Personal tools
You are here: Home Products Plone Roadmap #154: Large file handling
Document Actions

#154: Large file handling

Contents
  1. Motivation
  2. Proposal
by Martin Aspeli last modified June 11, 2006 - 00:20
It is possible to configure Zope to work with very large files, but the out-of-the-box story is not terribly great. It should be obvious how to configure Plone so that it can handle large volumes of MS Office, PDF or media files, for example.
Proposed by
Martin Aspeli
Seconded by
Martijn Pieters
Proposal type
Architecture
State
being-discussed

Motivation

In many ways, Plone is well-suited to document mangement and the management of files in general. Tools such as ExternalEditor and Enfold Desktop makes this even more true. However, due to the way the ZODB works, large files can be problematic to work with - if you're not careful, your ZODB could baloon because each change to a file revisions the whole object.

There are solutions to this problem, which usually involve storing some content outside the ZODB. However, the out-of-the-box story in Plone isn't good enough. It needs to be clear how to set up a site to support large files, and as far as possible this should work transparently whether enabled or disabled.

Proposal

There are several possible solutions. The first step is to explore them and find workable alternatives. In doing this evaluation, a few principles are important to keep in mind:

Transparency
It needs to be easy to turn large file optimisations on and off, and it should work seamlessly with existing products and tools.
Performance
Dealing with large files is typically a performance problem.

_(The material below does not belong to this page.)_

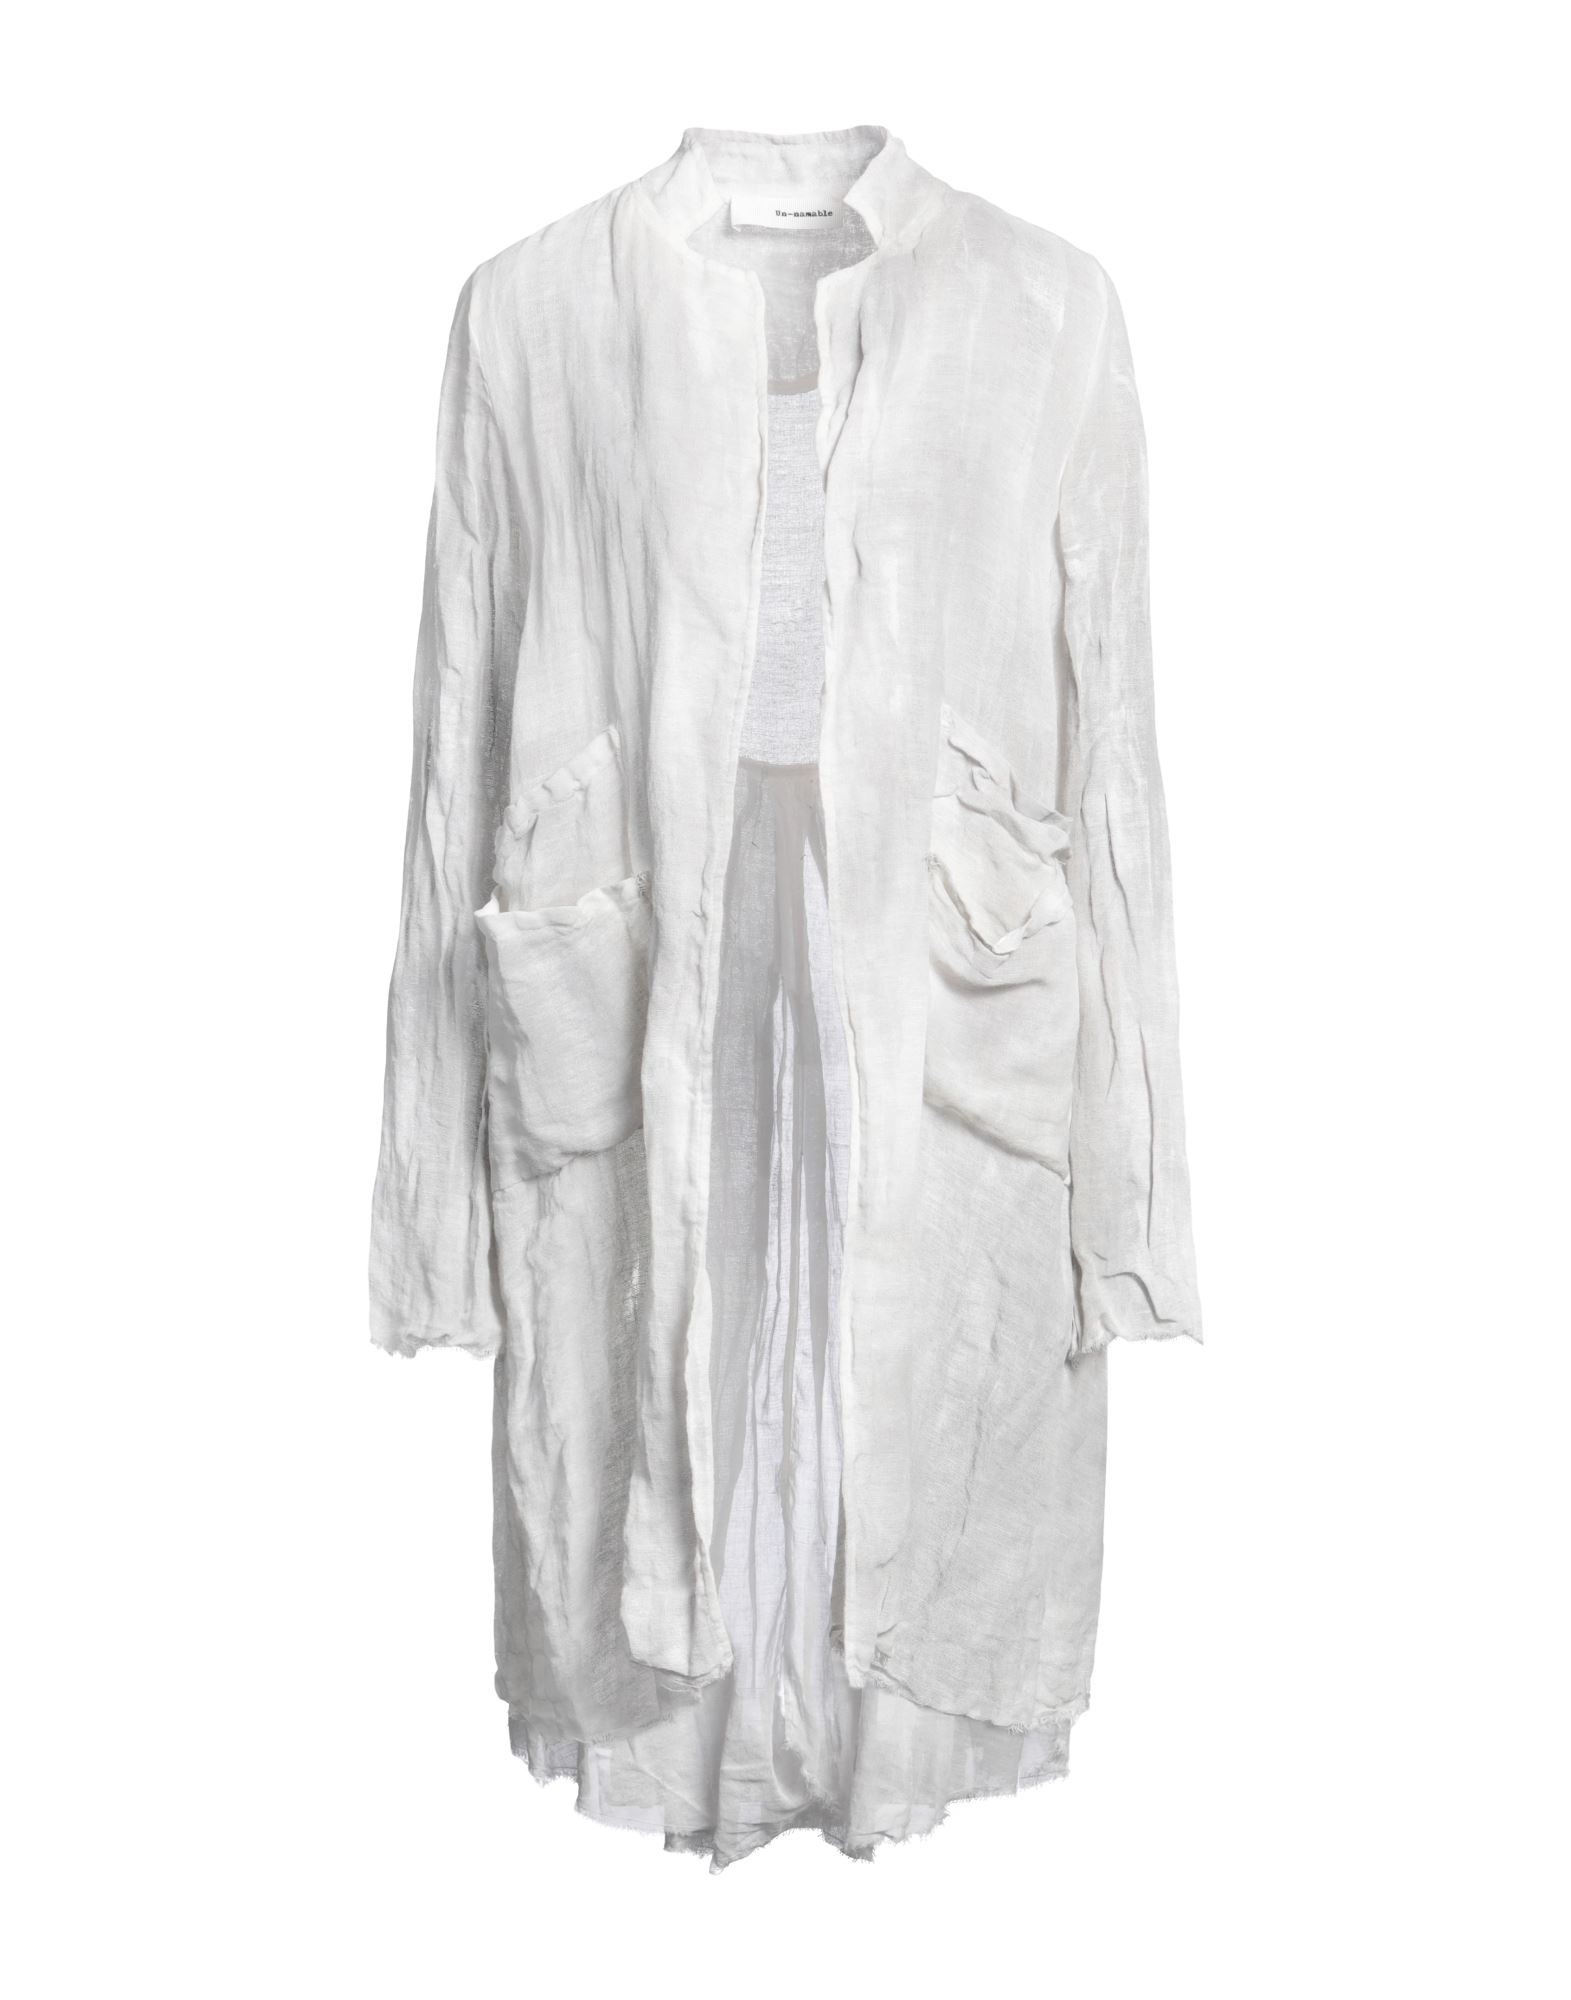 UN-NAMABLE Jacke, Mantel & Trenchcoat Damen Off white von UN-NAMABLE

Loading a 1Gb video file into memory every now and then is not acceptable!
Ease of set-up
It should be easy and obvious how large file optimisations are enabled, and what implications any configuration changes have.

There are four main avenues of exploration:

  1. ZODB BLOB support. Christian Theune and Chris McDonough have presented work that should make the ZODB itself better able to deal with BLOBs (binary large objects). This work is presently on hold pending resources. This is a very low-level, but potentially highly transparent solution. It is unknown when it may be possible to land this work in an actual ZODB release that Plone could depend on.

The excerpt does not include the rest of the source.